Spence (2013) recently argued that for spatial congruence to influence task performance, that task must usually be explicitly spatial in nature (e.g., spatial discrimination, overt orienting), or at least involve covert spatial cueing of attention. Because subjects in our task could not predict which of the four possible locations the flashes would occur at, they were required to deploy attention across the frontal portion of space bounded by the monitor and loudspeakers. This differs from the study of Bizley et al. (2012), where subjects were required to engage endogenous spatial attention in a location-specific manner and to perform an explicitly spatial task. Under such conditions the acoustic stimulus on the attended side of space had a more powerful effect on visual perception than the acoustic stimulus on the to-be-ignored side. However, in keeping with the current study, for experiments using unisensory stimuli, spatial locations away from the attended location are able to elicit illusory percepts (Apthorp et al., 2013; Bizley et al., 2012). For example, when subjects are presented with only visual or only acoustic stimuli and cued to report the number of stimuli on one side, events on the to-be-ignored side are able to elicit illusory flashes/sounds at the attended location (Bizley et al., 2012). The lack of an effect of spatial congruence in the absence of a second competing stimulus stream suggests that, at least for concurrent audiovisual stimuli with a highly salient temporal component (i.e., short stimulus duration and interstimulus interval), the ability of a highly localizable auditory stimulus to influence visual numerosity judgments does not depend on whether those stimuli have a common spatial origin or are displaced in space to a large degree. 

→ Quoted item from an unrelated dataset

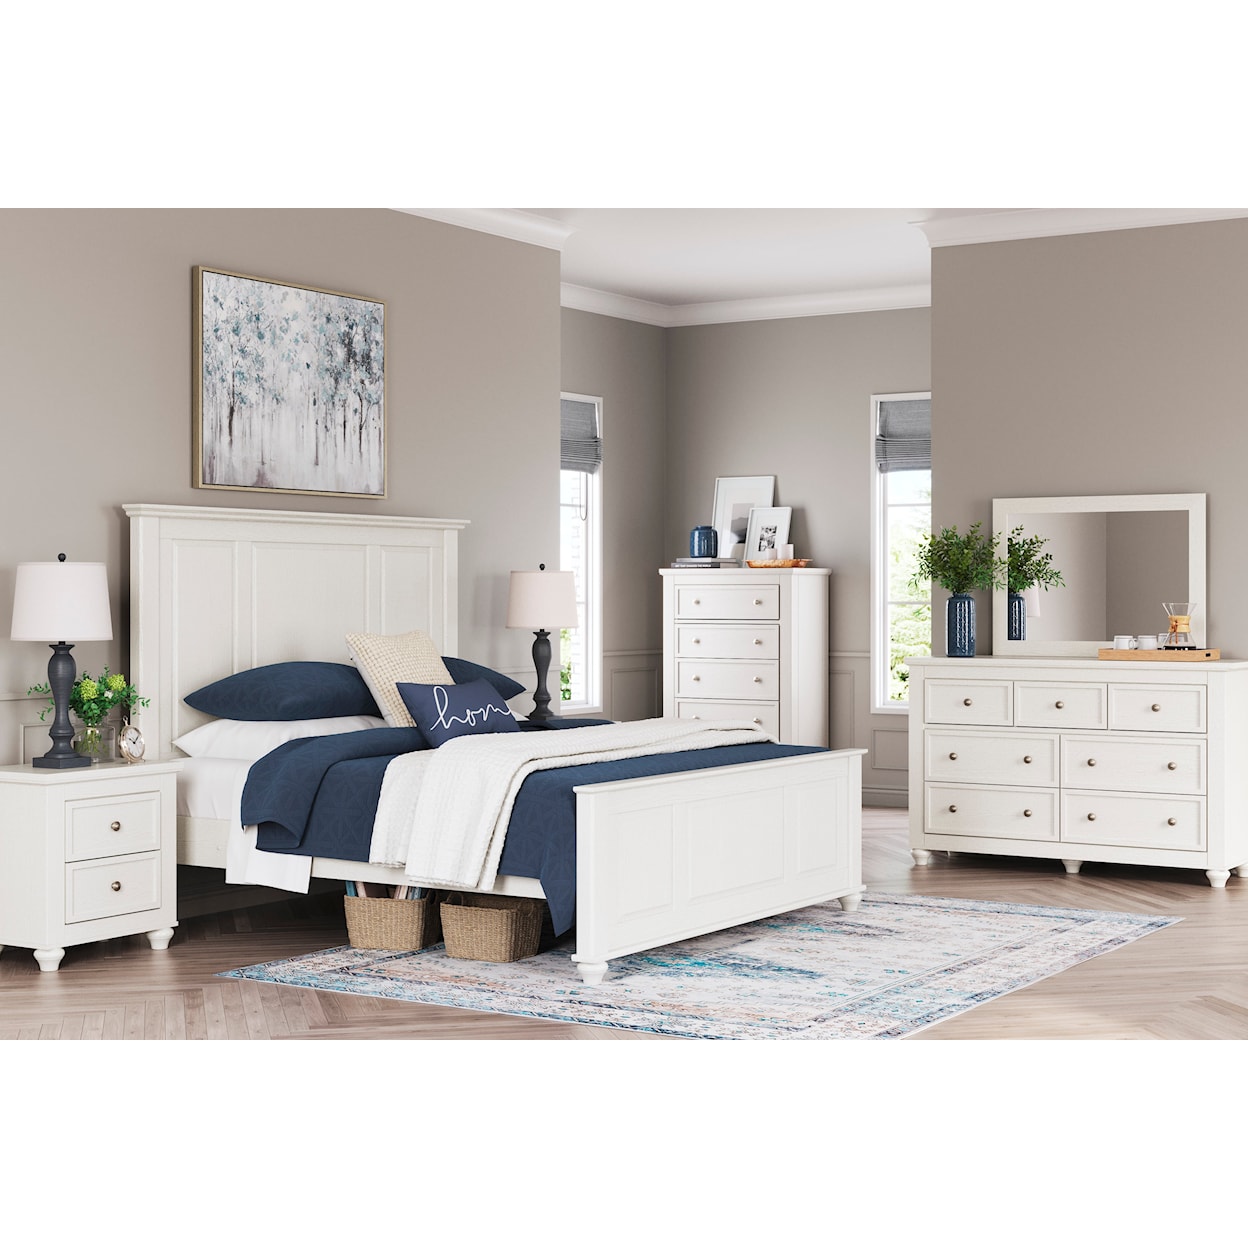 Ashley Furniture Signature Design Grantoni King Bedroom Set

Despite the large differences in protocols and stimulus design between the two studies, our data agree well with the findings of Innes-Brown and Crewther (2009). Although the minimum spatial separation between the auditory and visual stimuli employed in this experiment is plausibly within the range over which the ventriloquism illusion operates (Bertelson & Radeau, 1981), unpublished observations from our pilot studies suggest that these results hold over a far greater range of sound locations (i.e., throughout the whole of auditory space, including the posterior hemifield). This suggests that, for rapidly presented cues, object formation is mainly determined by temporal features—principally temporally correlated onsets—and that once stimuli are automatically bound, conflicting cue values are resolved by more heavily weighting the more reliable auditory estimate. The weighting given to the auditory stimulus is dependent on the relative reliability of the visual stimulus; as visual sensitivity declines in the periphery the auditory cues are given increasing weight (Figures 2 and 5). In support of a role for object formation or perceptual grouping in guiding SIFIs, a recent study has demonstrated that when the two illusion-inducing sounds have different features, they no longer elicit an illusory flash (Roseboom, Kawabe, & Nishida, 2013). Taken together with evidence for the importance of stimulus context and the absence of a requirement for spatial co-localization, these observations support the idea that multisensory integration of such stimuli is a mid-level process (Fujisaki, Koene, Arnold, Johnston, & Nishida, 2006; Roseboom et al., 2013; Roseboom, Nishida, Fujisaki, & Arnold, 2011), rather than a low-level, automatic or high-level, cognitive process. 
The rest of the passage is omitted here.